_Activity_
The data below should be copied out exactly, with its pictures omitted.

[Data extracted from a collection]

┌──

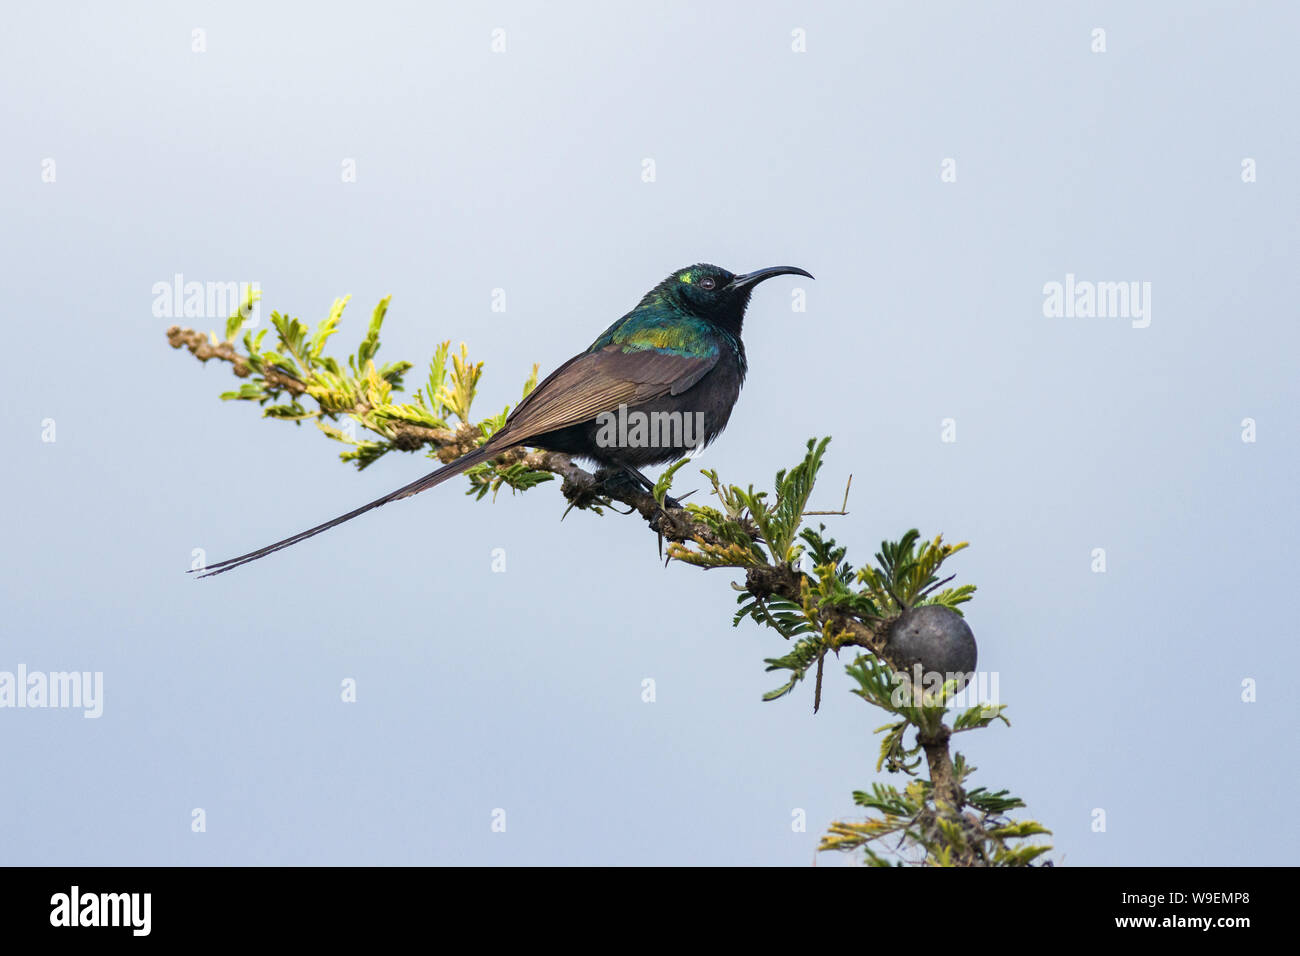 bronzy or bronze sunbird (Nectarinia kilimensis) perched on branch, Naivasha, Kenya Stock Photo
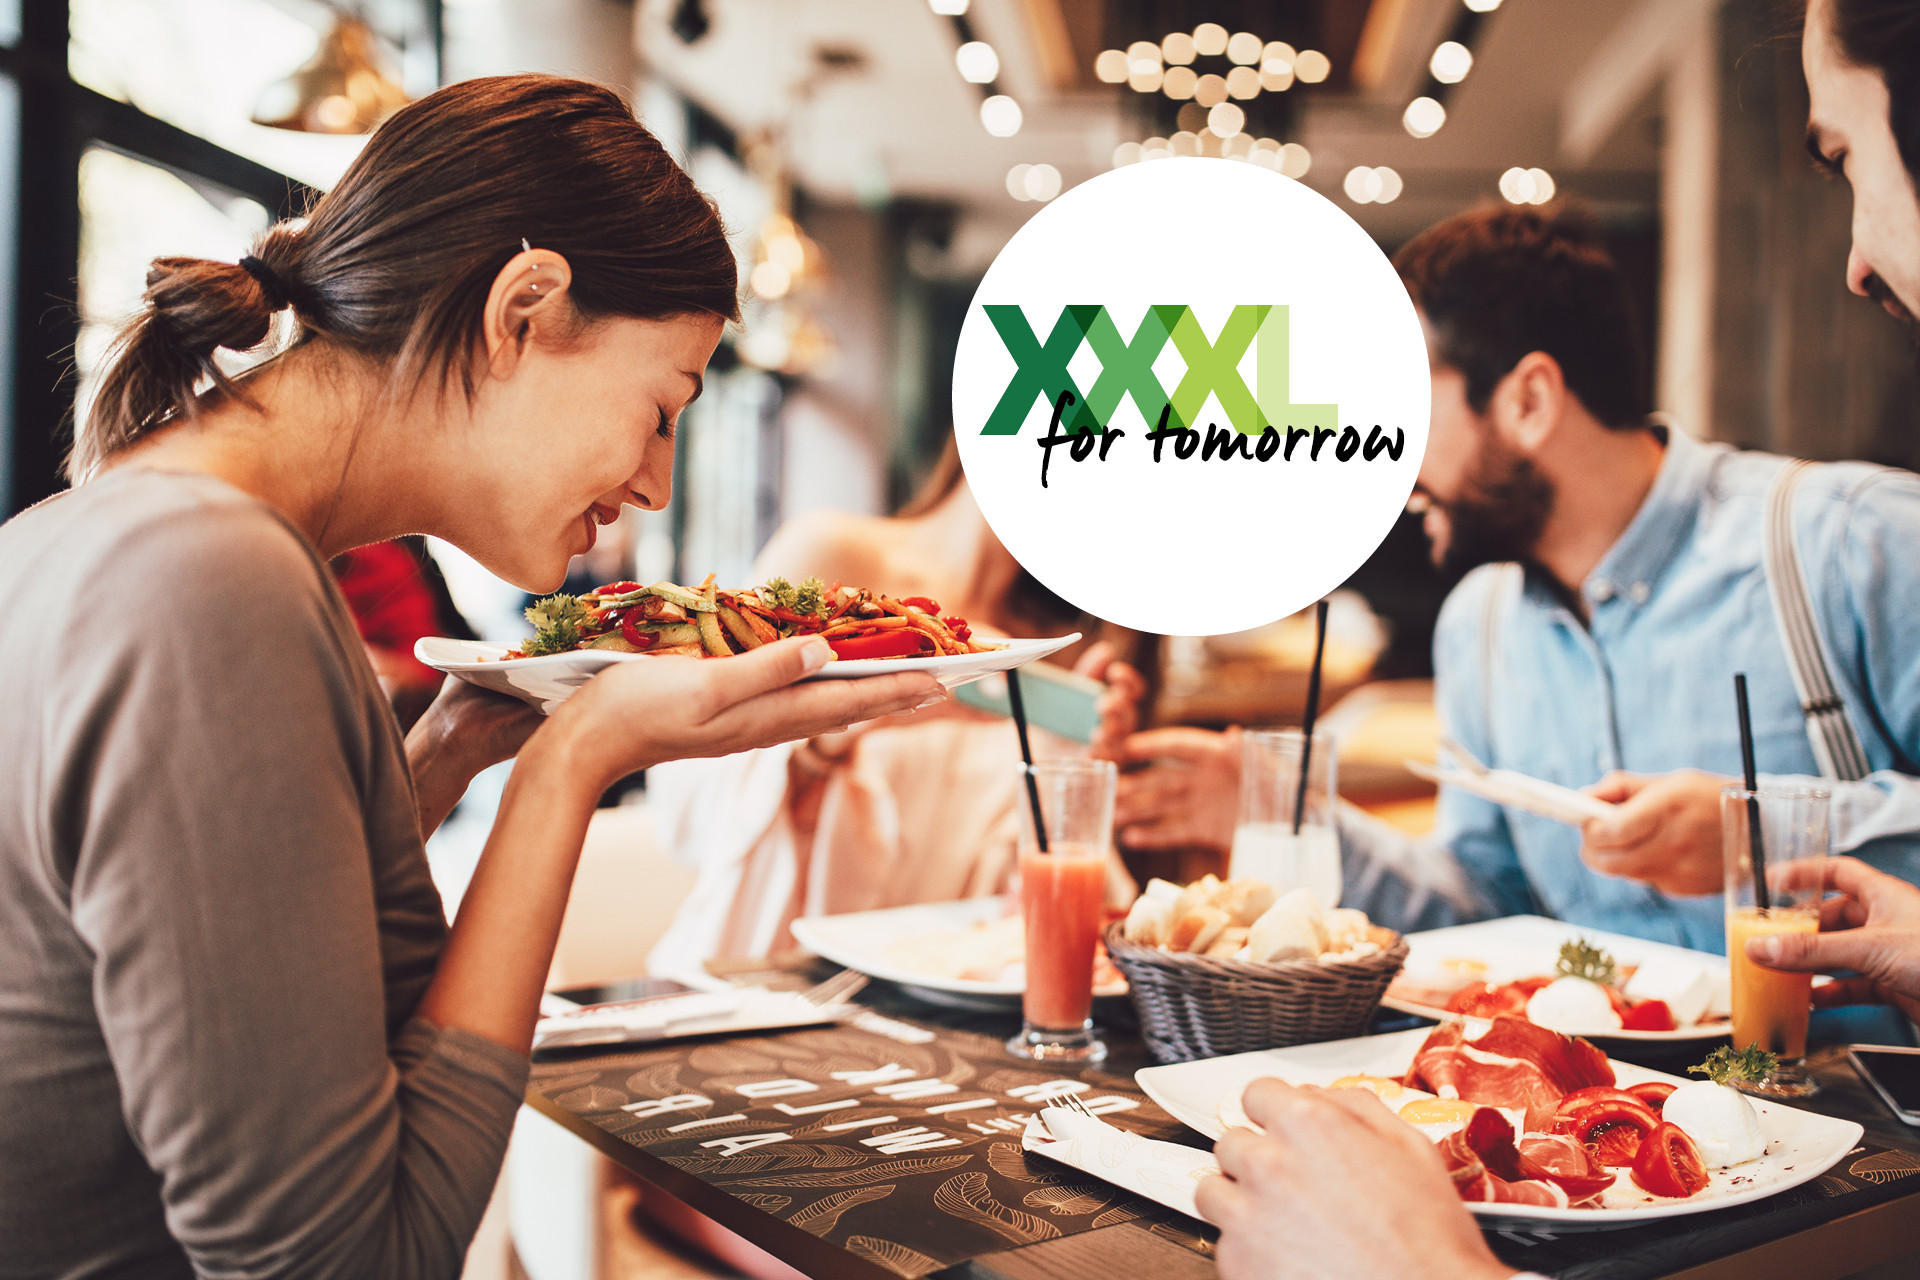 xxxl-restaurant
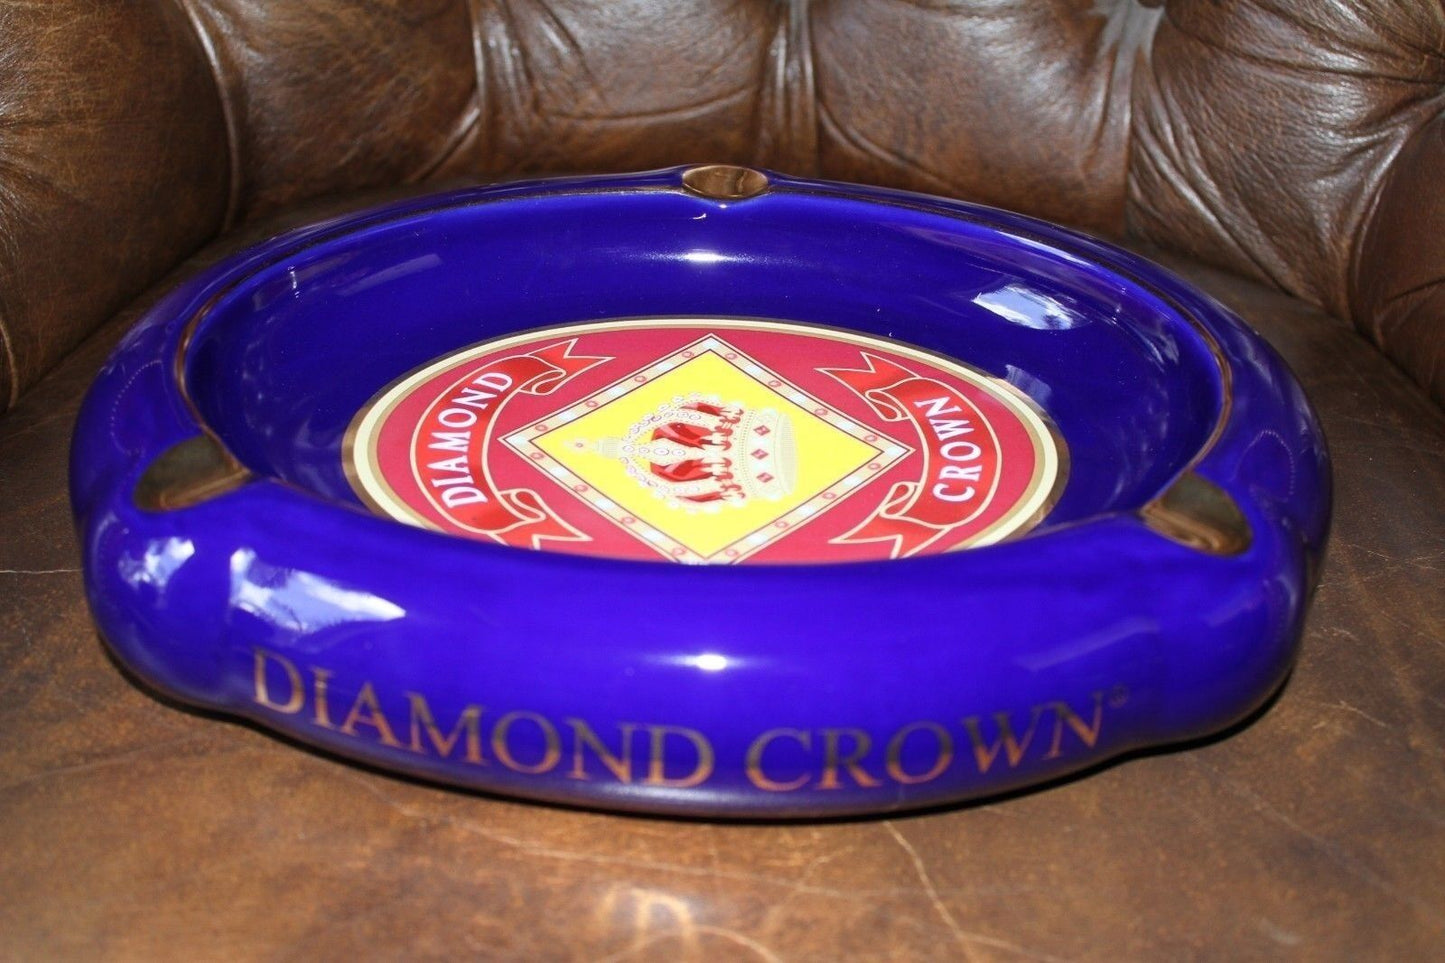 Diamond Crown Ceramic Ashtray
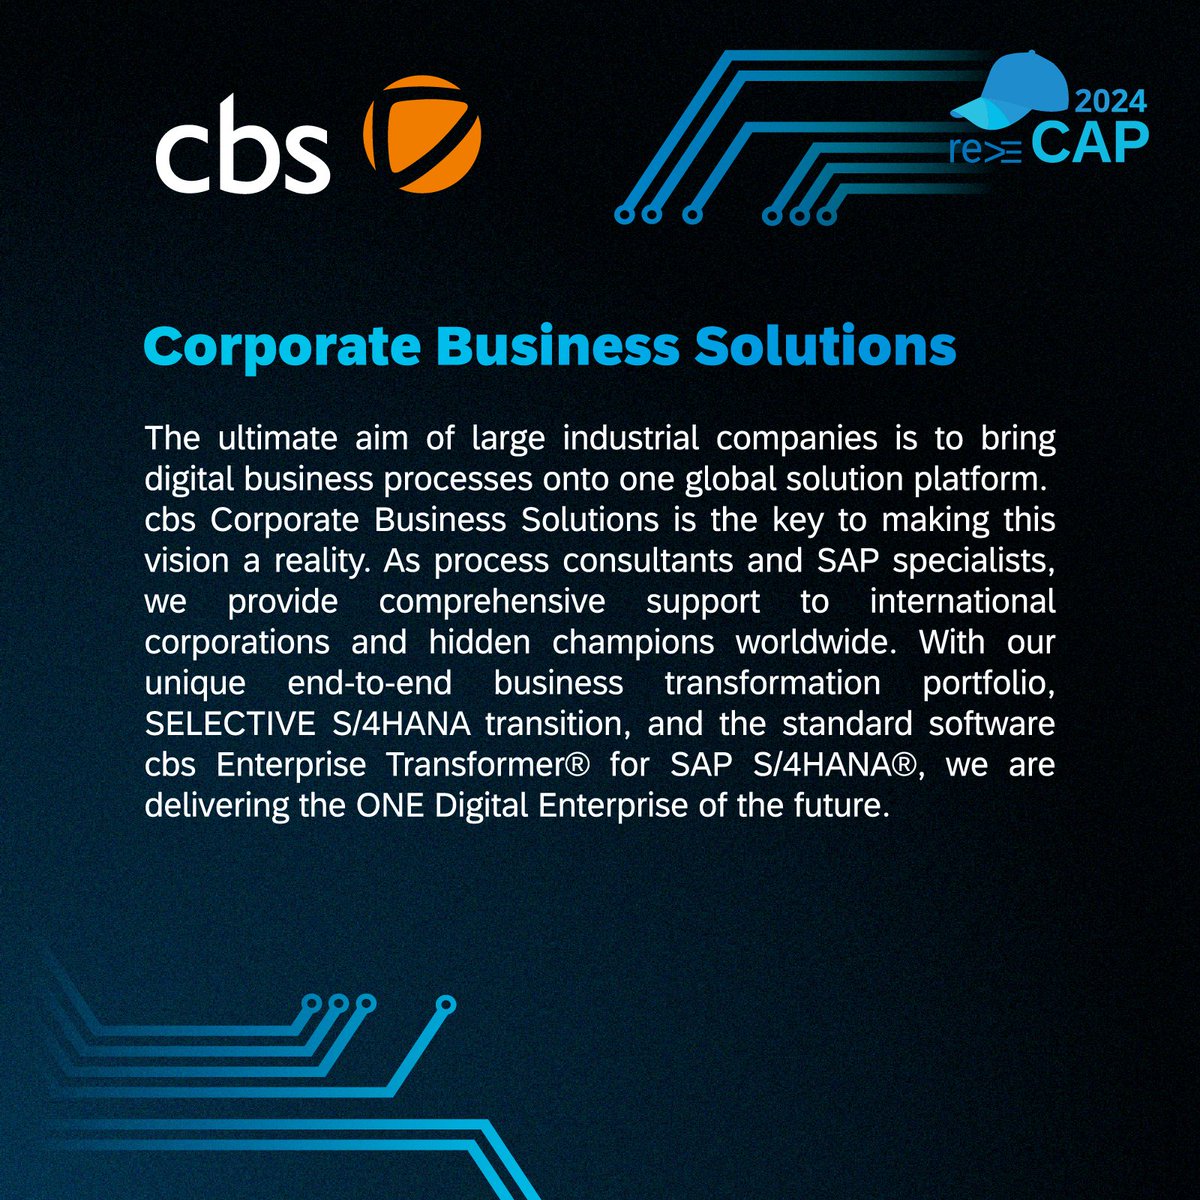 $> cds add sponsor 'cbs' --for 're>≡CAP 2024'
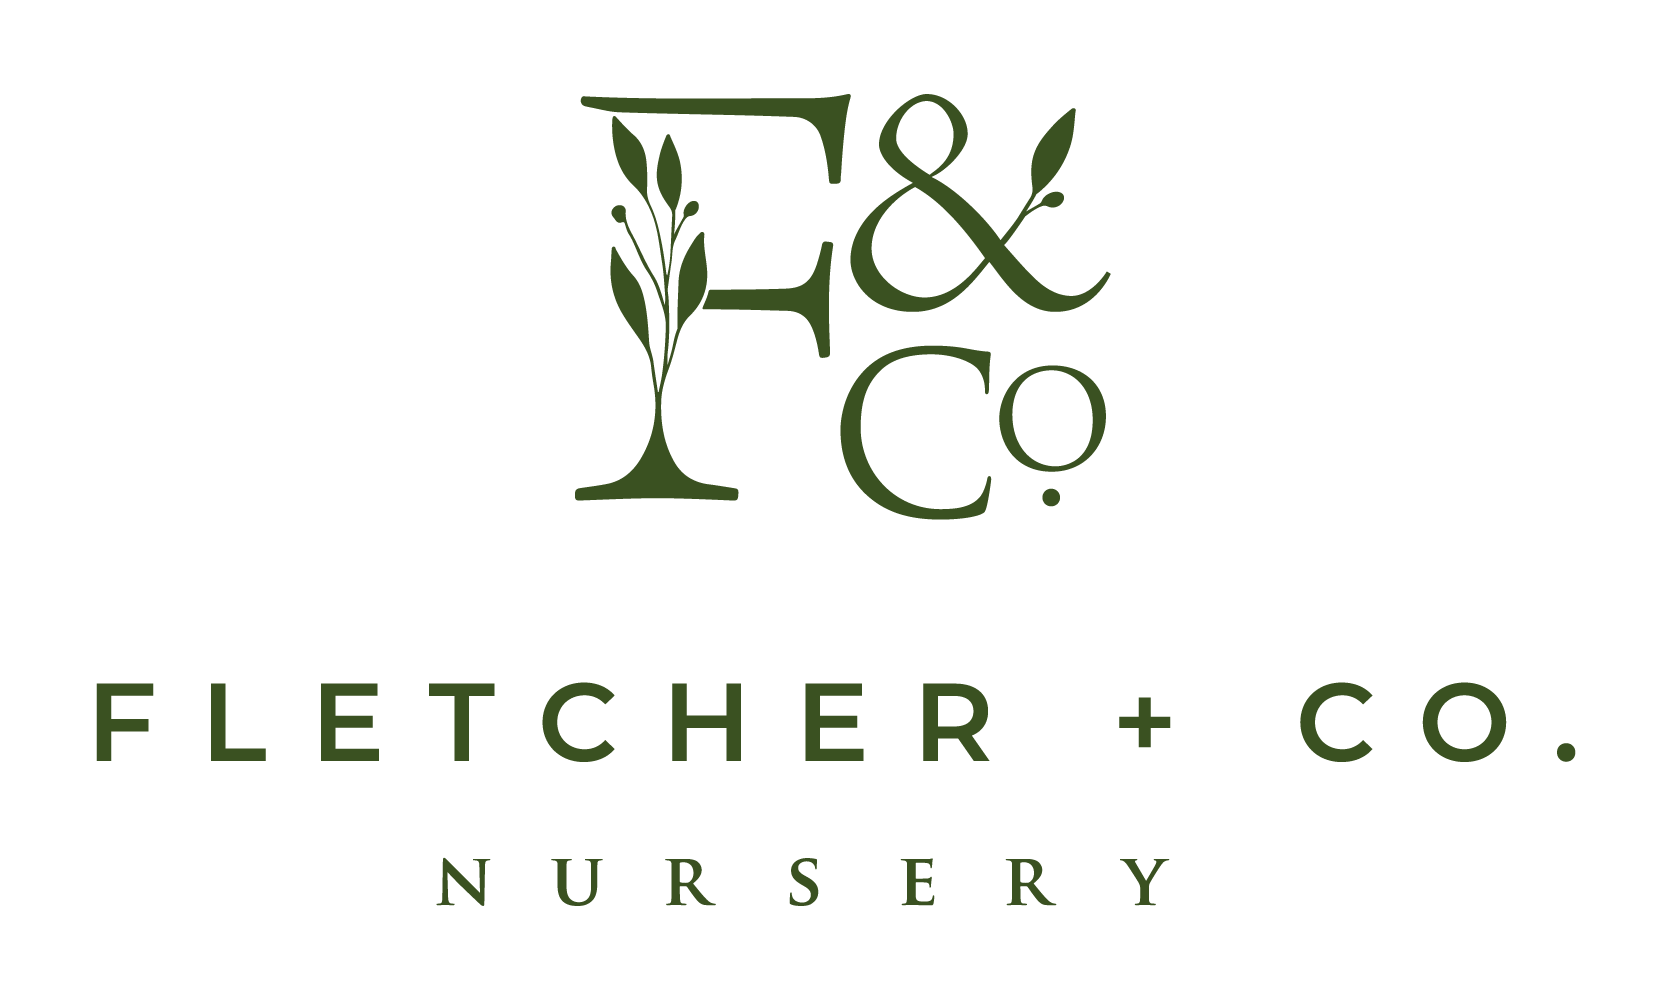 Fletcher & Co. Nursery

└──

_Exercise response_
 bronzy or bronze sunbird (Nectarinia kilimensis) perched on branch, Naivasha, Kenya Stock Photo
 xxxl-restaurant
 Diamond Crown Ceramic Ashtray
 $> cds add sponsor 'cbs' --for 're>≡CAP 2024'
 Fletcher & Co. Nursery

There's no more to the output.